Thanks, I'll take your word for it since I haven't taken a physics class in about 45 years.

So, I wonder why we have to replace rotors at the specified intervals? Is it just that they get so thin that warping can happen for other reasons, or is it something else entirely?

While the heat dissipation from the rotor total is based on surface area, the cross sectional area (thinness) has a direct effect on the conduction of the heat from the contact area to the rest of the rotor. This is a non-trivial part of the heat dissipation.

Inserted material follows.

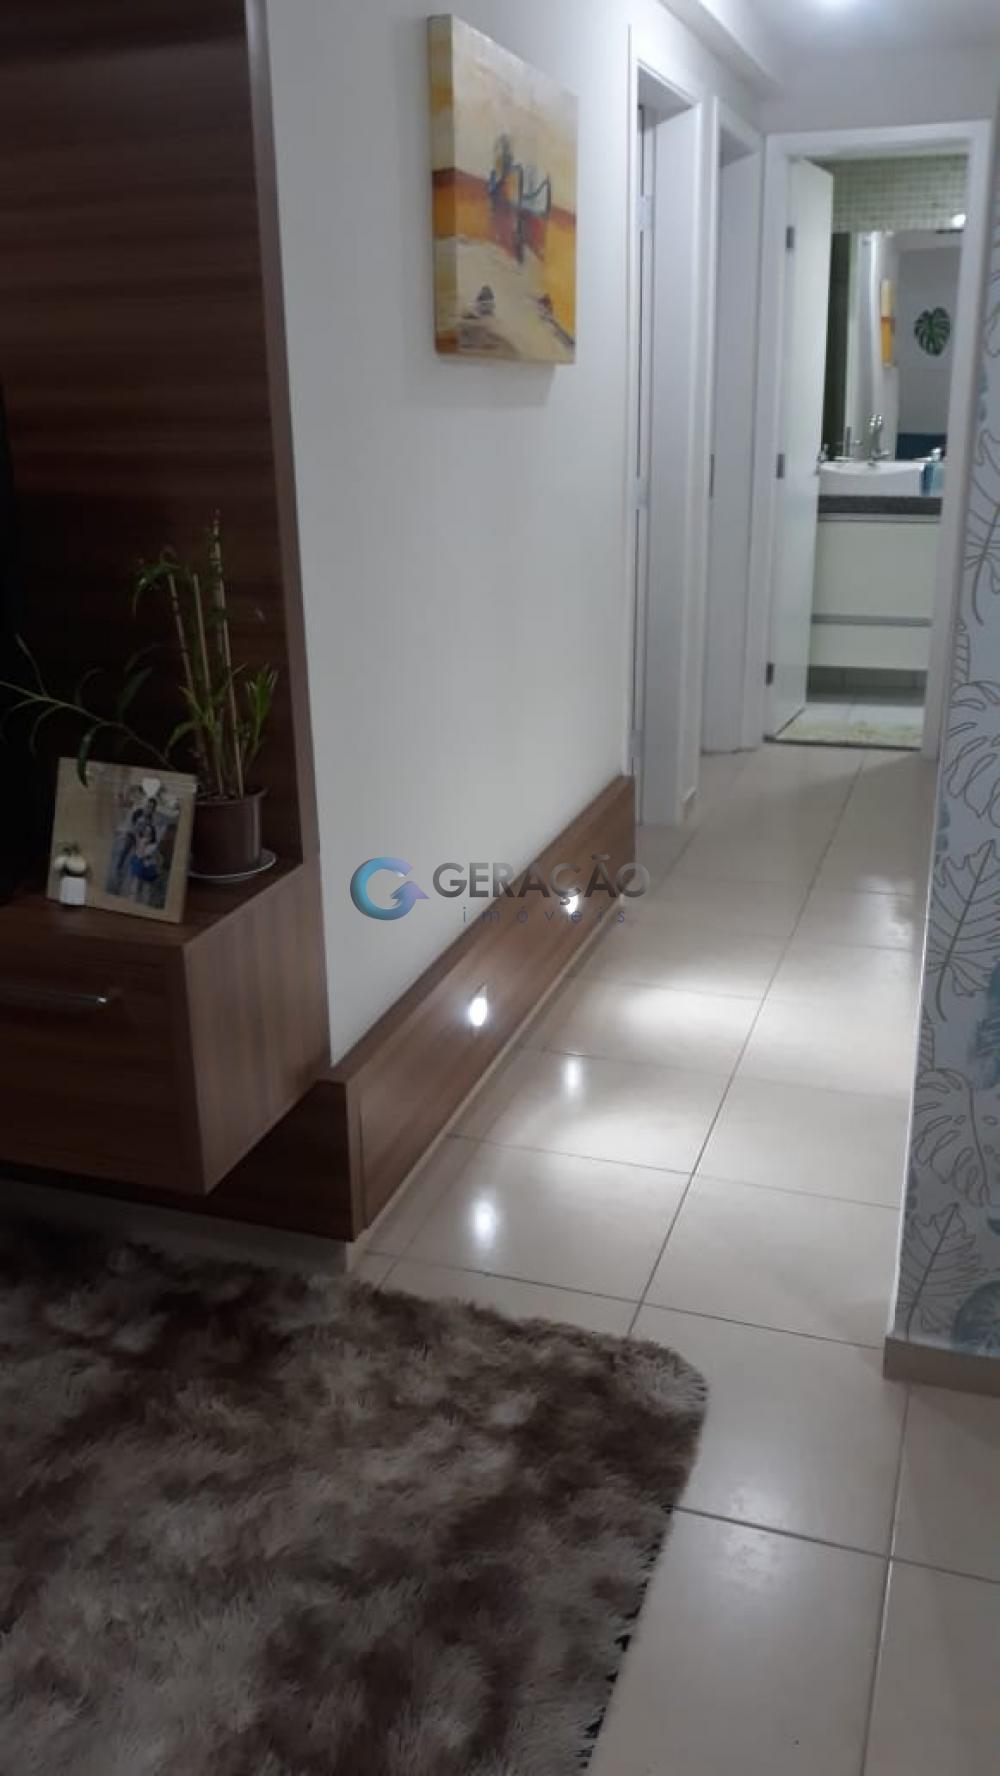 Comprar Apartamento / Padrão em São José dos Campos R$ 297.000,00 - Foto 7

The thinning of the rotor will affect both heat dissipation and strength. Which matters most probably depends on how they are being used.,

My general experience with disc brakes are about 3 sets of pads to a rotor. However, the latest Shimano resin pads are lasting much longer for me. So much so I've yet to replace them after almost 2-years of riding. And I have not had to replace the rotors either. And I do check them. I had to replace the previous version pads about 3X per year and the rotors 1X per year. Though I've been doing a little less climbing lately.

For me, I replace rotors when they reach the 1.5 mm thickness which I can easily measure to several significant digits with a micrometer. Even when that was once per year, I had no issue with it. If I were goign through rotors much quicker than that, I might consider cheating the spec a bit. The OP seems to have found no issue goign down to 1.3 mm. Since the normal wear is 0.5 mm, this is 0.2 mm more or 40% more usage. I'd not push it beyond that.

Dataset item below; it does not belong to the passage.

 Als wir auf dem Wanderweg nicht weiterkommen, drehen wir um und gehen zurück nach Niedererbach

Also, once beyond the spec, I'd be sure to check the brakes very often to catch an issue at home rather than out on the road.

Good brakes are important and more so with a heavily loaded bike with precious cargo. I'd not skimp on the brake maintenance.

Heat dissipation is strictly a function of surface temperature, surface area, and rotational speed. Conduction to the rotor surface not in contact with the pads would change minimally as the rotor thins because only the part in contact with the pads is thinning. And it is not thinning very much before replacement (perhaps 25% at the most, and more commonly 20%).

Except when you have a larger and thicker heat sink you dissipate heat faster this is pretty basic stuff here. Not rocket appliances.

When I've worn rotors down they get noisy easier and get the "turkey warble" sound. Also, a lip forms on the outside diameter which makes it harder to get the wheel back on. I only have discs on my mtb but I have worn rotors way past the minimum to the point where I worry about the front one bending under heavy load.

I've also measured the brake track on a rim brake and found it to be .025 inch lower than when new.

I use a machinist's micrometer to measure thickness but just out of curiosity. It's not super accurate anyway since the micrometer can't reach the low spots on the surface of the rotor. Automotive rotor micrometers and brake drum micrometers have pointed tips for this reason.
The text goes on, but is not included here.